Um, yeah, I've thought about this waaaay too much.
> I'd love to hear what she says if you do bring it up.Hm, me too. I'll post about it after my session this week, if anyone is interested (and if I actually bring it up...).
Thanks for responding.
Posted by shrinking violet on August 15, 2004, at 20:54:12
In reply to Re: Are relationships with T's real, or not?, posted by tinydancer on August 14, 2004, at 15:51:14
>>In the last discussion we had, I told him how much it hurt. That I couldn't understand how I could like him so much, and feel like there was such a fantastic connection, and his response was, "Why can't I like you so much right back and feel the same towards you?" He has been trying to illustrate that just because we can't have a relationship outside of the therapy room doesn't make the relationship we do have less meaningful.
Nice summary...I think that's what my T keeps trying to get me to believe. But then I question her motivation.....is it really true and she's trying to get me to acknowledge it also, or is she trying to get me to acknowledge it and feel it so she can use it (i.e. theoretically it might make me seek similar outside relationships....which, it wouldnt, but I know that's a commonly used technique in therapy).
>> The bottom line is that my T has always respected my feelings, he isn't afraid of my feelings, and has allowed me to have those feelings and bring them in full force into the therapy room. (One of his favorite things to say, "Bring it on!")
He sounds sweet.

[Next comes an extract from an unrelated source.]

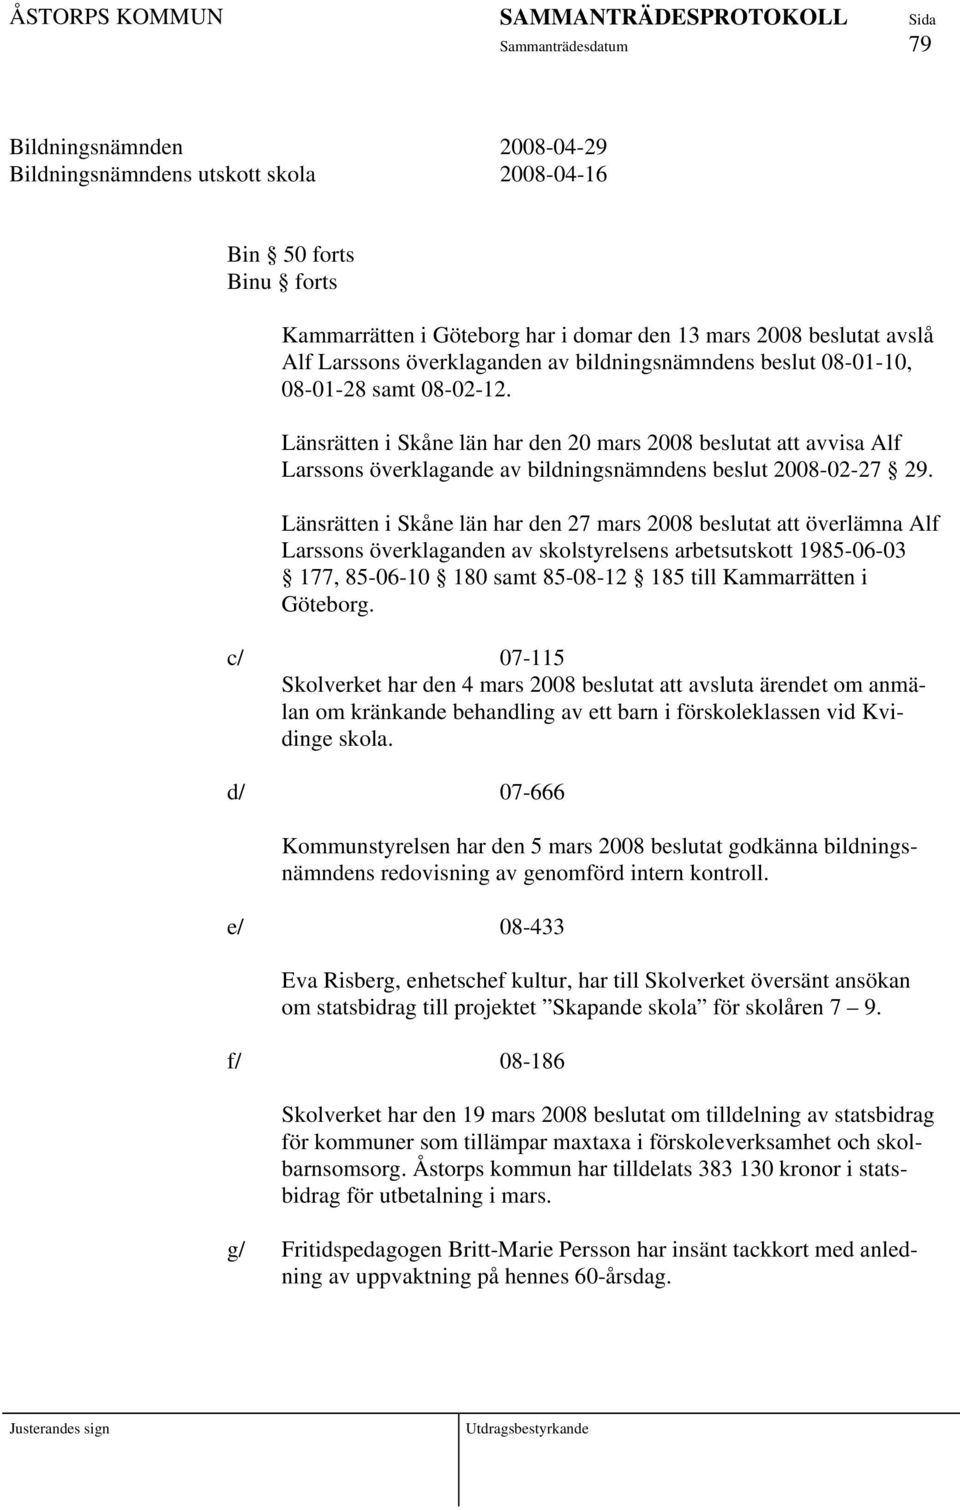 Länsrätten i Skåne län har den 27 mars 2008 beslutat att överlämna Alf Larssons överklaganden av skolstyrelsens arbetsutskott 1985-06-03 177, 85-06-10 180 samt 85-08-12 185 till Kammarrätten i

You're lucky to have him.
> But the most important thing I want to stress is that the relationship is REAL. If you feel a connection with her, a closeness, you feel that because it is reciprocated! Do you feel close and feel connected to people that don't like you? Never. It's easy to question the nature of it when it seems so confusing, but try to believe in your T. She sounds great!Wow, thank you for validating that for me. And she is great.
Thanks for your response!
>
Posted by shrinking violet on August 15, 2004, at 20:56:20
In reply to Re: Are relationships with T's real, or not?, posted by rubenstein on August 14, 2004, at 18:06:55
I think you should try to talk about this issue with your T, even though it might be hard, especially since he seems open to the discussion and willing to help (hm, maybe I should take my own advice, huh?).
Good luck to you, and thank you for writing.
Posted by shrinking violet on August 15, 2004, at 21:00:20
In reply to Re: Are relationships with T's real, or not?, posted by steelmagnolia25 on August 14, 2004, at 21:32:29
>> Now that we've been apart for a few weeks, I seem to appreciate those words even more. I recall at the time I was thinking to myself, somewhat cynically, "So you can just turn off certain feelings?" But now I truly appreciate that, in my own best interest, he maintained those boundaries even though I was so eager to cross them (not even sexually -- I would enjoy just being his friend!). And I don't consider the fact that he held back some of his personal feelings for the sake of therapy as something that renders the relationship "unreal." It just ensured that we had the optimal therapy relationship...KWIM?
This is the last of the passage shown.